▶ **Your objective**
Skip the pictures, please, and write out exactly every line from the one containing "http://kokura-rugby.sakura.ne.jp/DSCN4783_xlarge.JPG" through the end of the listing below.

▶ **Data segment**
▬▬▬▬▬▬▬▬▬▬

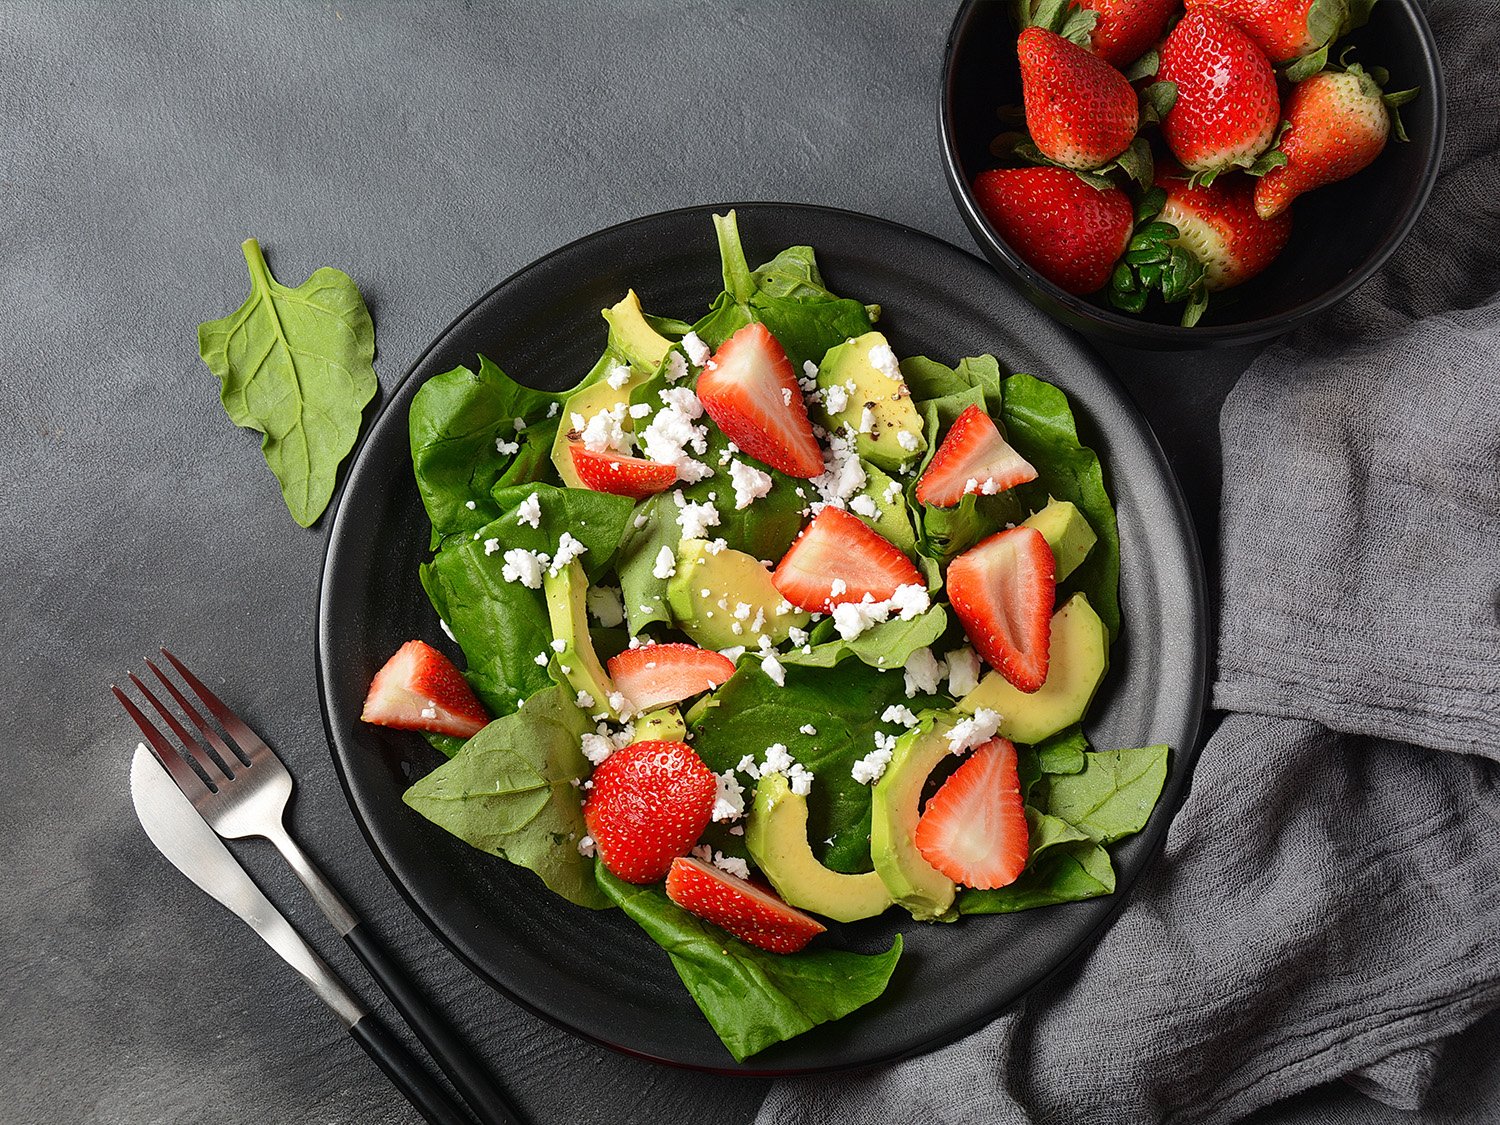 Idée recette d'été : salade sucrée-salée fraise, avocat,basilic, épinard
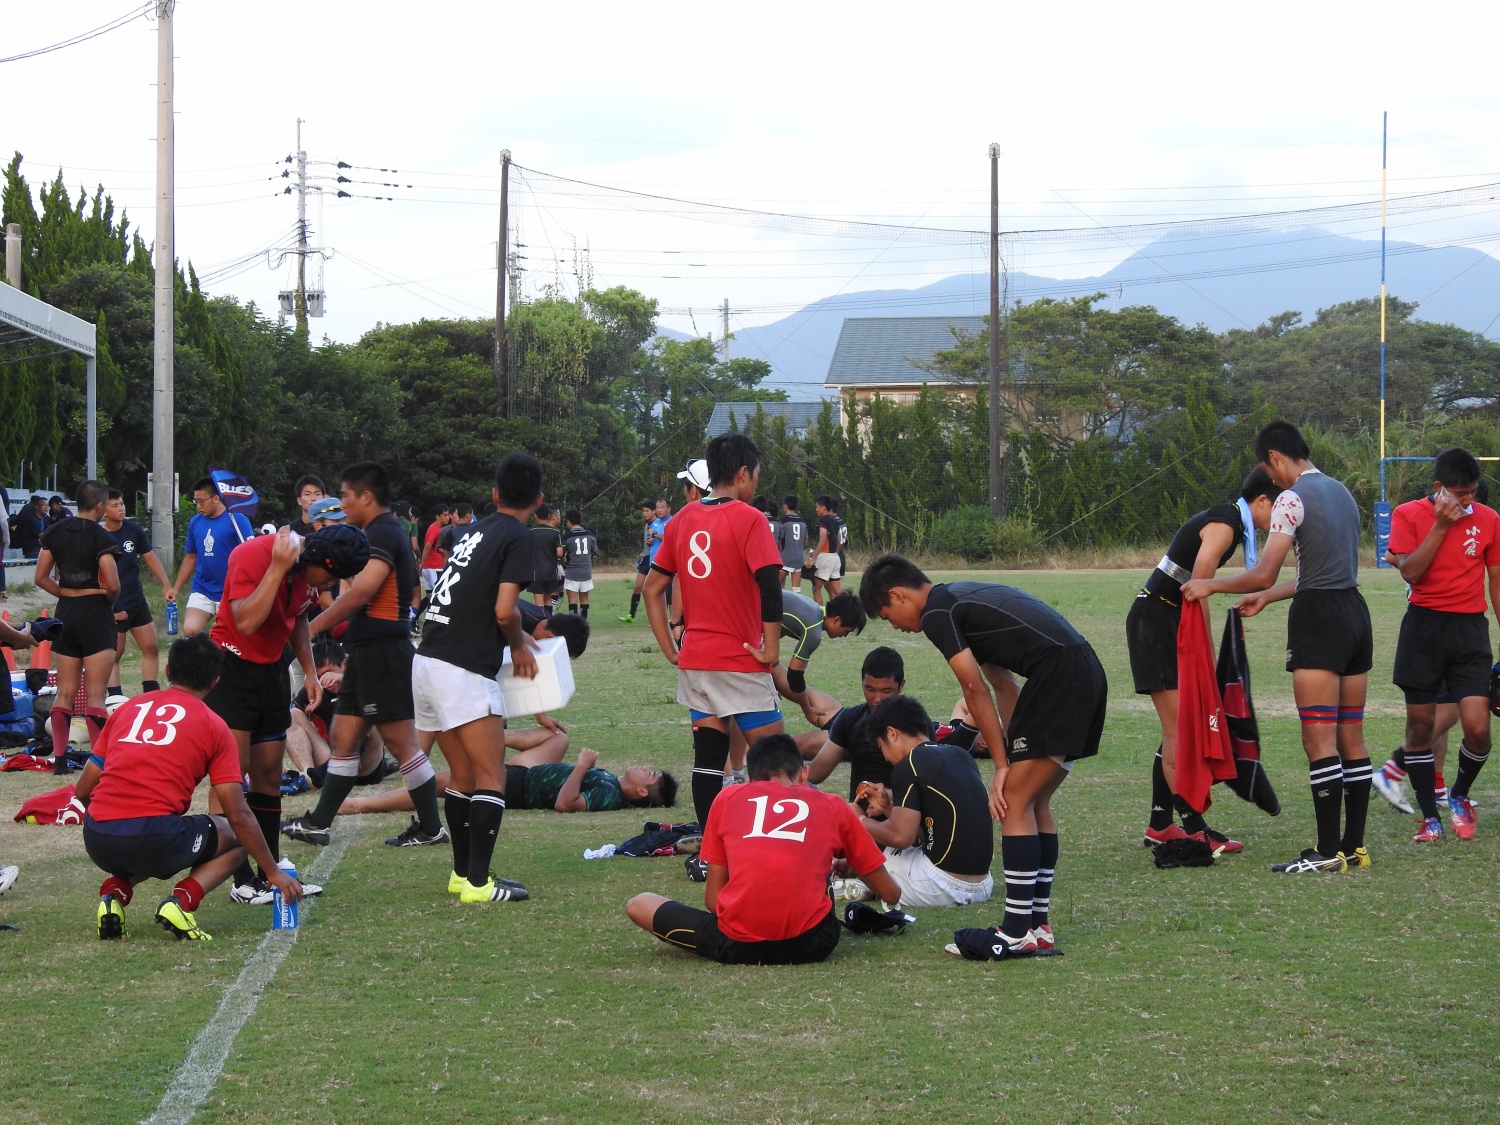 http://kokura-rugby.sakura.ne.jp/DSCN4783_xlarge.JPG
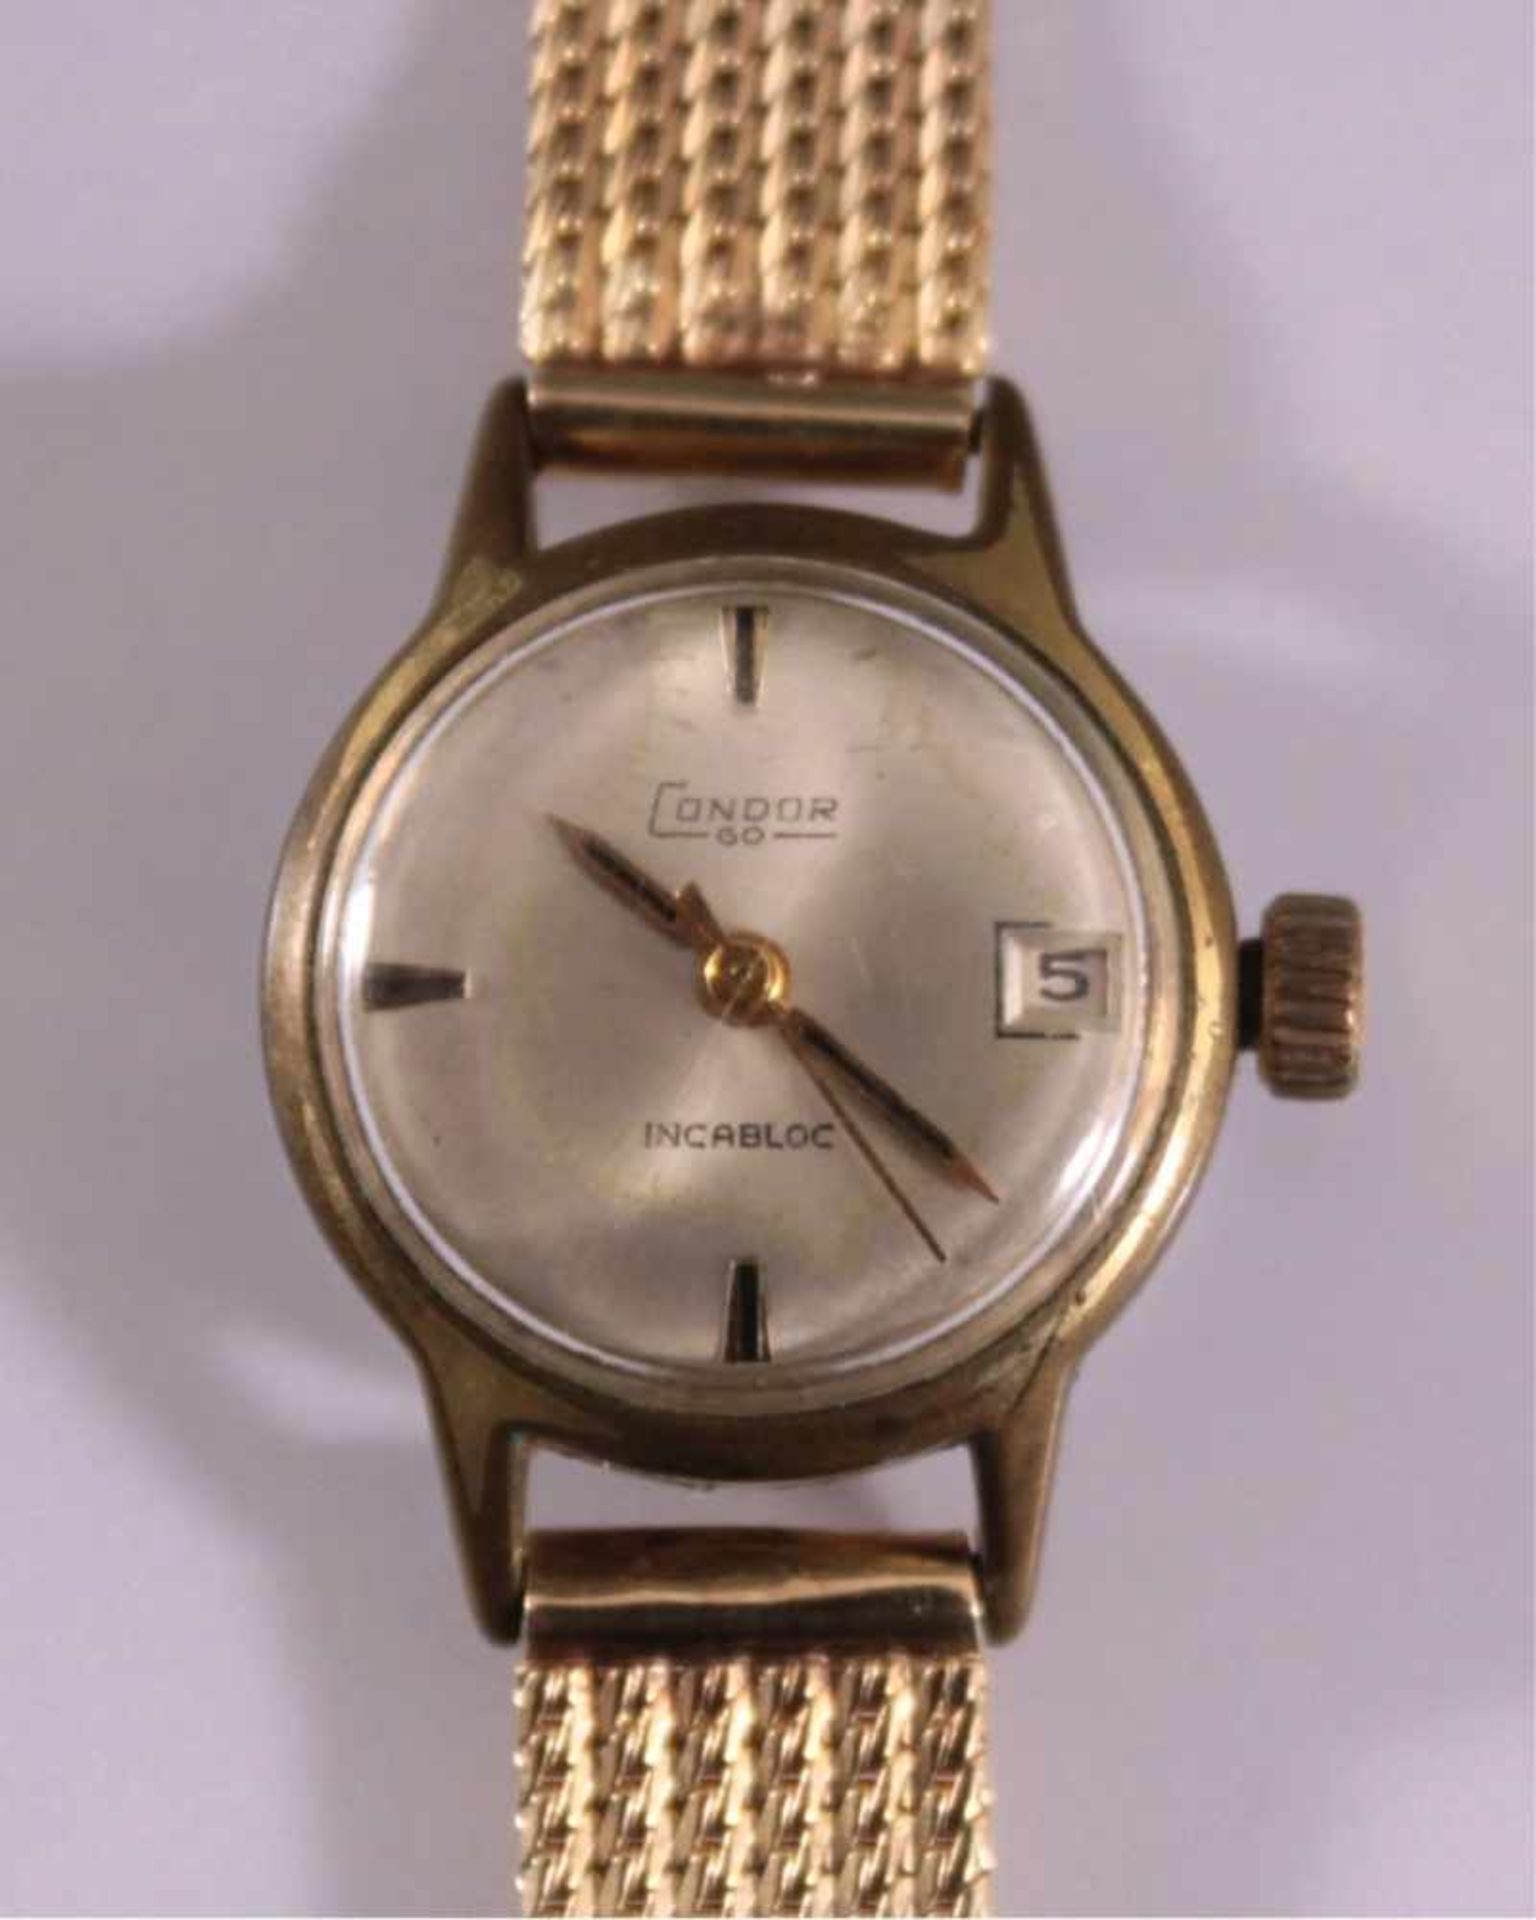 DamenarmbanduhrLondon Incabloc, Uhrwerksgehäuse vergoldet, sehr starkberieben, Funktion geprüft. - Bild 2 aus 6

▬▬▬▬▬▬▬▬▬▬

▶ **Answer below**
 http://kokura-rugby.sakura.ne.jp/DSCN4783_xlarge.JPG
 DamenarmbanduhrLondon Incabloc, Uhrwerksgehäuse vergoldet, sehr starkberieben, Funktion geprüft. - Bild 2 aus 6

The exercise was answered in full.